The results of our current study revealed the potential in vitro effect of artesunate, chloramphenicol, and co-trimoxazole as antifungal, in particular against Basidiobolus spp., the etiological agent of basidiobolomycosis. This is not completely new since few studies have suggested this idea and but most trials have been carried out on a clinical-based treatment course of therapy [17, 31]. Nonetheless, in vitro evaluation of antifungal drugs and sulfamethoxazole-trimethoprim against clinical isolates of Conidiobolus lamprauges has been done . Conidiobolus lamprauges is a member of the order Entomophthorales, a species phylogentically related to Basidiobolus ranarum, Basidiobolus haptosporus or Conidiobolus coronatus, the later species are agents implicated in skin and abdominal basidiobolomycosis [23, 33].
Several conventional antifungal drugs, for example, potassium iodide, co-trimoxazole, amphotericin B, ketoconazole, and itraconazole, have been tried for the treatment of entomophthoromycosis due to Conidiobolus coronatus or basidiobolomycosis due to Basidiobolus ranarum or Basidiobolus haptosporus-like fungi with variable results . Comparably, information derived from a number of investigations indicated that non-antifungal compounds supplement the action of conventional antifungal agents either through the elimination of natural resistance or through exhibiting in some way activity antagonizing certain fungal species [21, 22, 31].
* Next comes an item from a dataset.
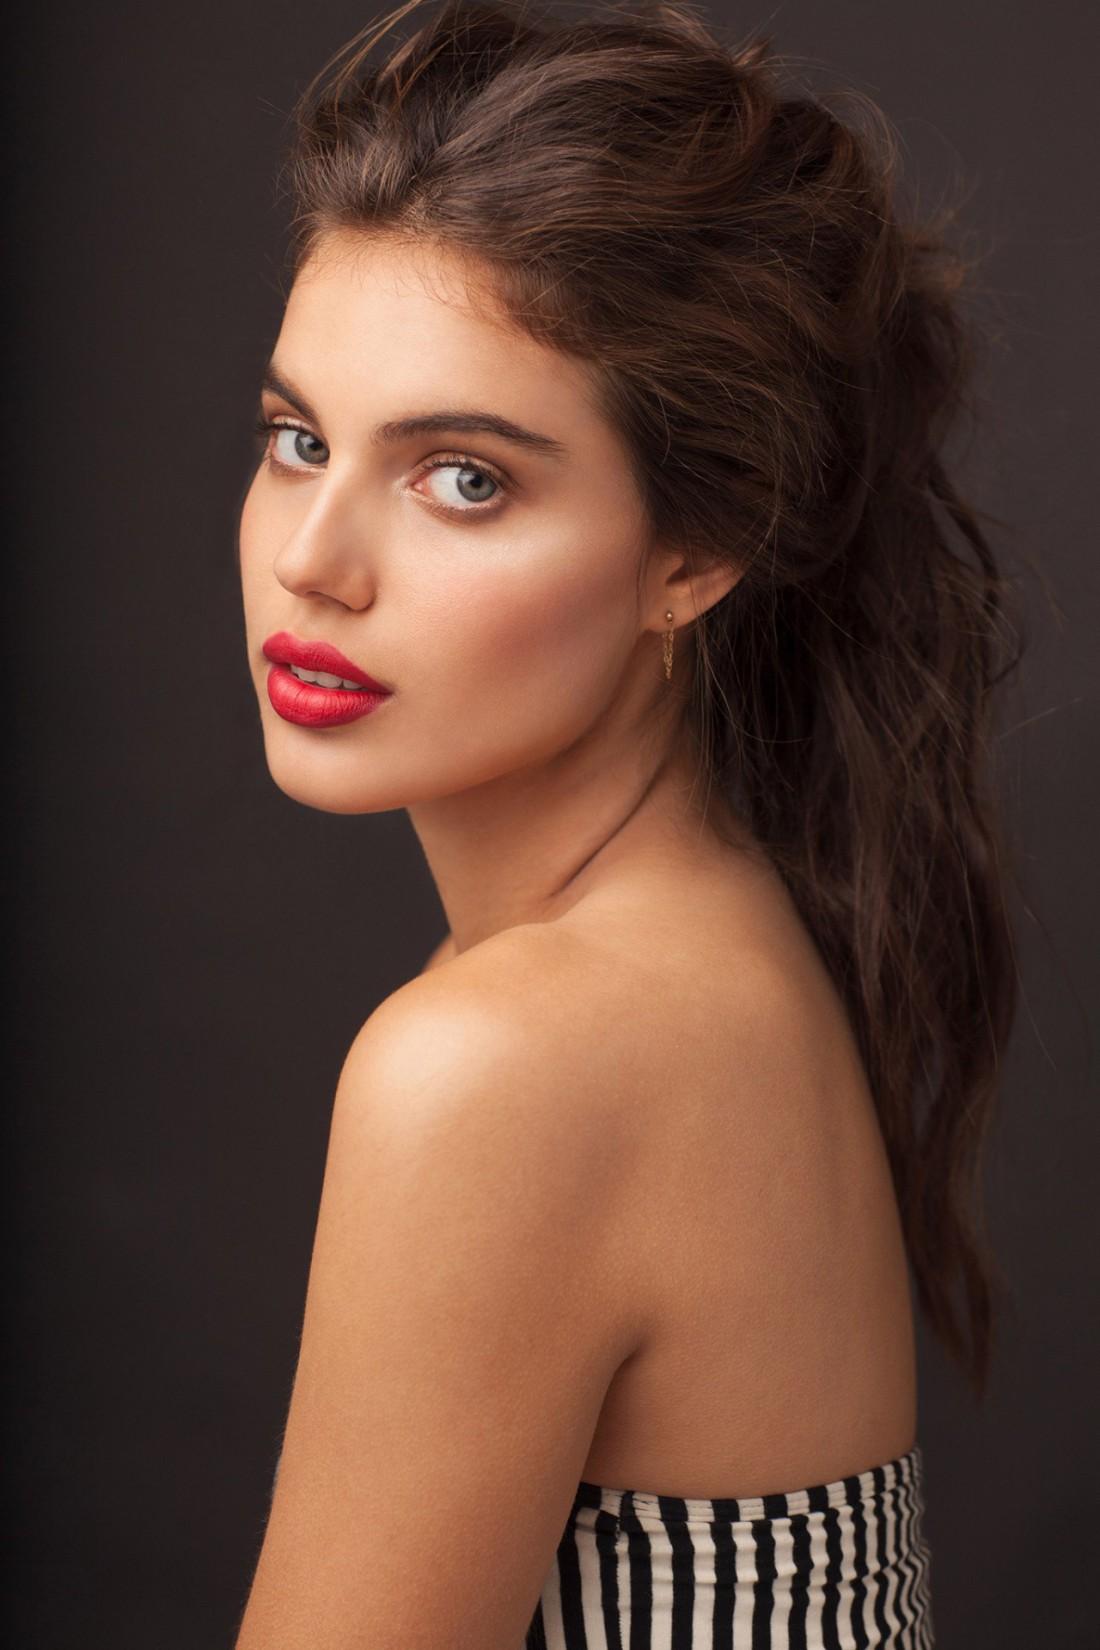 Шломит Малка – одна из самых популярных моделей из Израиля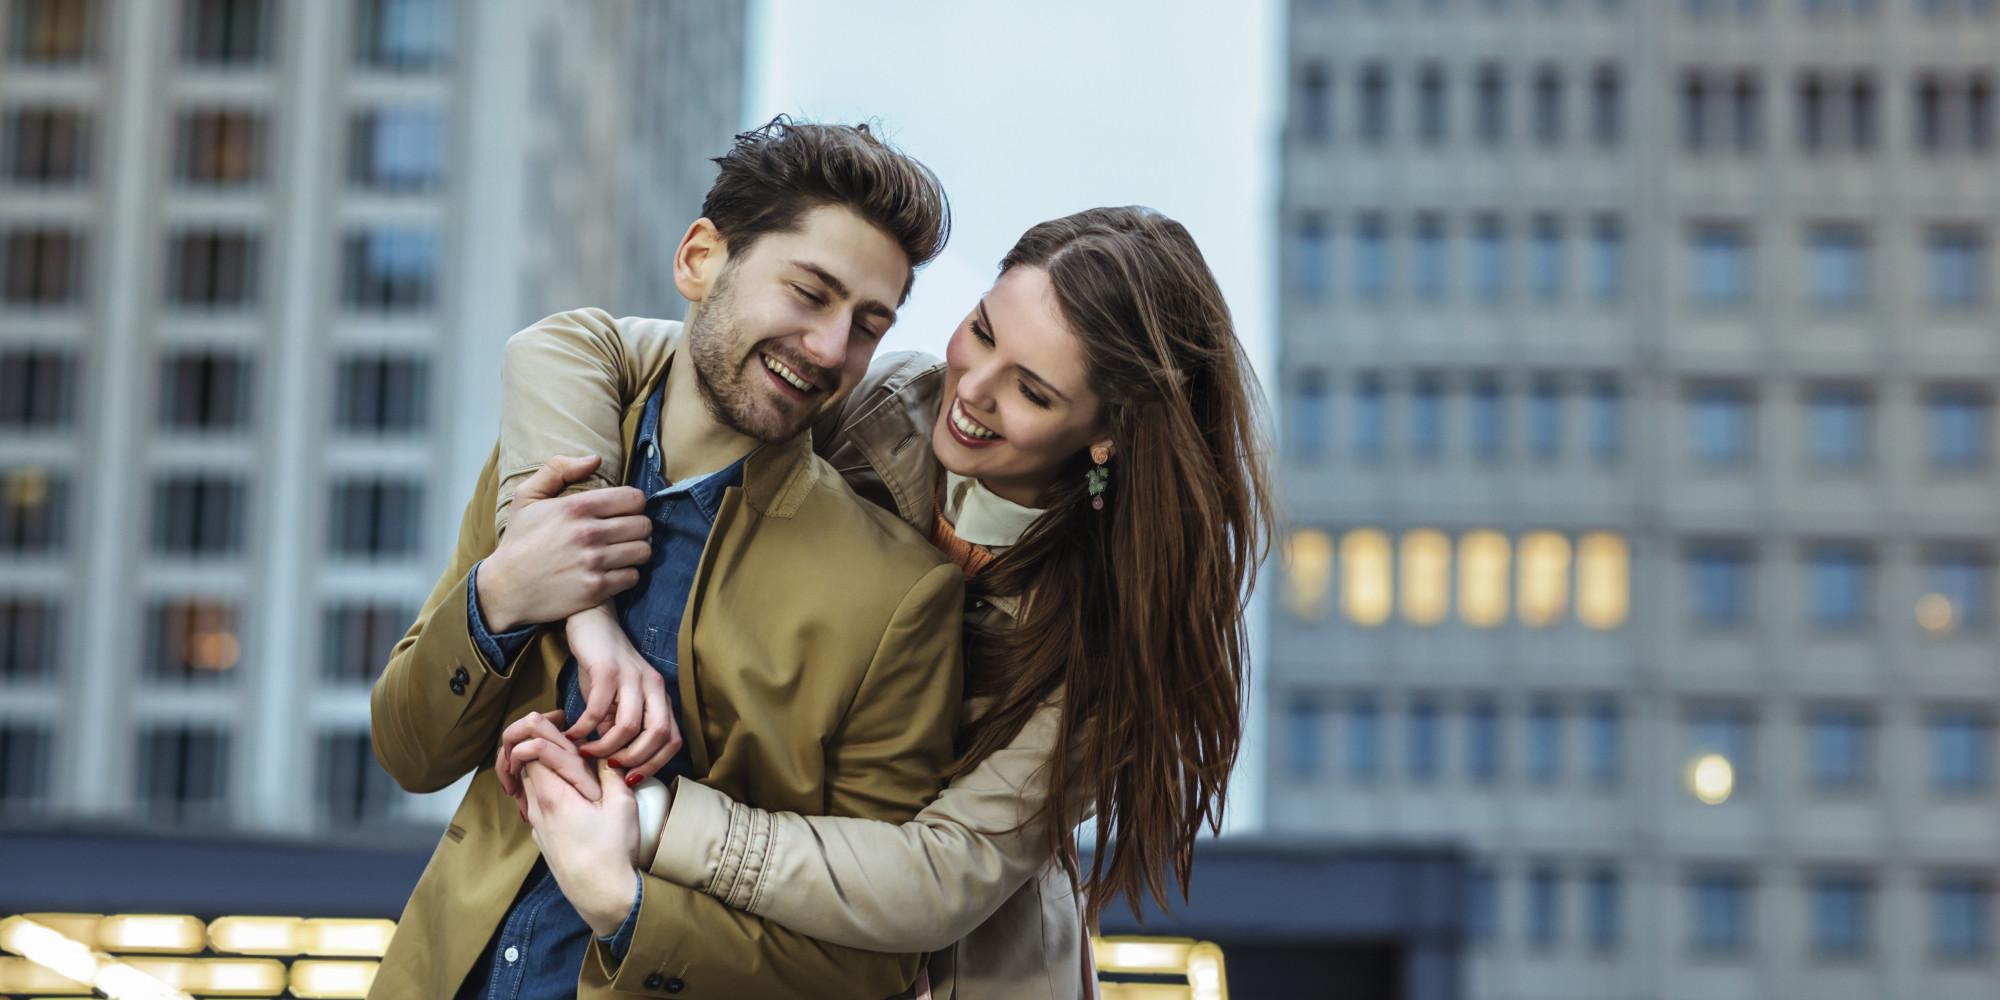 11-dieu-quan-trong-trong-mot-moi-quan-he1-elleman 10 điều quan trọng cần vung đắp trong một mối quan hệ

These results confirm the hypothesis that co-trimoxazole has an antifungal inhibitory, as reported previously . This substantiating that folic acid blockade may be a potential antifungal target for Basidiobolus species. This report of the antifungal potential of co-trimoxazole drug against this fungal pathogen support earlier one e [15, 16]. Potassium iodide and co-trimoxazole were found to be simple and effective for basidiobolomycosis treatment . While there is no consensus, African physicians prefer to use potassium iodide or trimethoprim-sulfamethoxazole in the treatment of tropical mycosis infections caused by either Basidiobolus ranarum, Basidiobolus haptosporus or Conidiobolus coronatus or others . Experience lead some physicians to adopt septrin (trimethoprim-sulfamethoxazole) as the drug of choice in the management of entomophthorosis due to Conidiobolus coronatus . Another study suggested using the combination of itraconazole and fluconazole as an additional option for the treatment of this mycosis, acting better than sulfamethoxazole plus trimethoprim for 2 months . A case of rhinophycomycosis entomophthora was successfully treated with a combination of bacteria, potassium iodide, and steroids were reported . Clinical isolates of Conidiobolus lamprauges (entomophthoromycosis cases) showed synergistic interactions of 100% for the sulfamethoxazole-trimethoprim combination, 71% for the terbinafine-azole antifungal combination, and 29% for the terbinafine-micafungin combination. All other interactions were indifferent .
The mode of action of these three drugs is known against their conventional target organisms. It is, however, that the effect on fungi is still unknown. The inhibition of folic acid synthesis by Coccidioides posadasii has been speculated as a likely antifungal target . Saccharomyces cerevisiae in response to treatment with arsenic has revealed a complex response that influences signaling pathways, including protein kinases such as the mitogen-active protein kinase and target of the rapamycin complex 1 system . The modes of action of artesunate continue to be unclear and debatable . On the other hand, chloramphenicol is a bacteriostatic that acts via inhibiting protein synthesis. It prevents protein chain elongation by inhibiting the peptidyl transferase activity of the bacterial ribosome . However, it not known how it might affect the eukaryotic fungi.
Our data support the fact that artesunate is a potential antifungal as well as its primary antimalarial activity . Data have suggested the enhancement of artesunate with miconazole in antagonizing Candida’s biofilm. These refer to the potential mixture treatment of Candida albicans biofilm-related infections. The results of our current study support the use of “non-antifungal antibacterial drugs as effective against Basidiobolus strains, which support their earlier antifungal effects [18, 20]. The combined effect of artesunate + voriconazole and that of co-trimoxazole + voriconazole have significant synergic effects, p = 0.003 and p = 0.021, respectively. These are hopeful results for the treatment of GIB in humans, which need in vivo application and determining the clinical implications.
In conclusion, the results of the present study demonstrated a clear inhibitory antagonism of artesunate, co-trimoxazole, and a less significant effect in the case of chloramphenicol, against strains of Basidiobolus. These are encouraging results for the in vivo application on human or animal models. The in vivo application is necessary to be combined with standard antifungal drugs rather than a single therapy since our results have indicated a synergistic effect between co-trimoxazole and voriconazole, with a lesser effect between chloramphenicol and voriconazole, but markedly between artesunate and voriconazole. The study recommends the application of artesunate + voriconazole or co-trimoxazole + voriconazole in a clinical trial.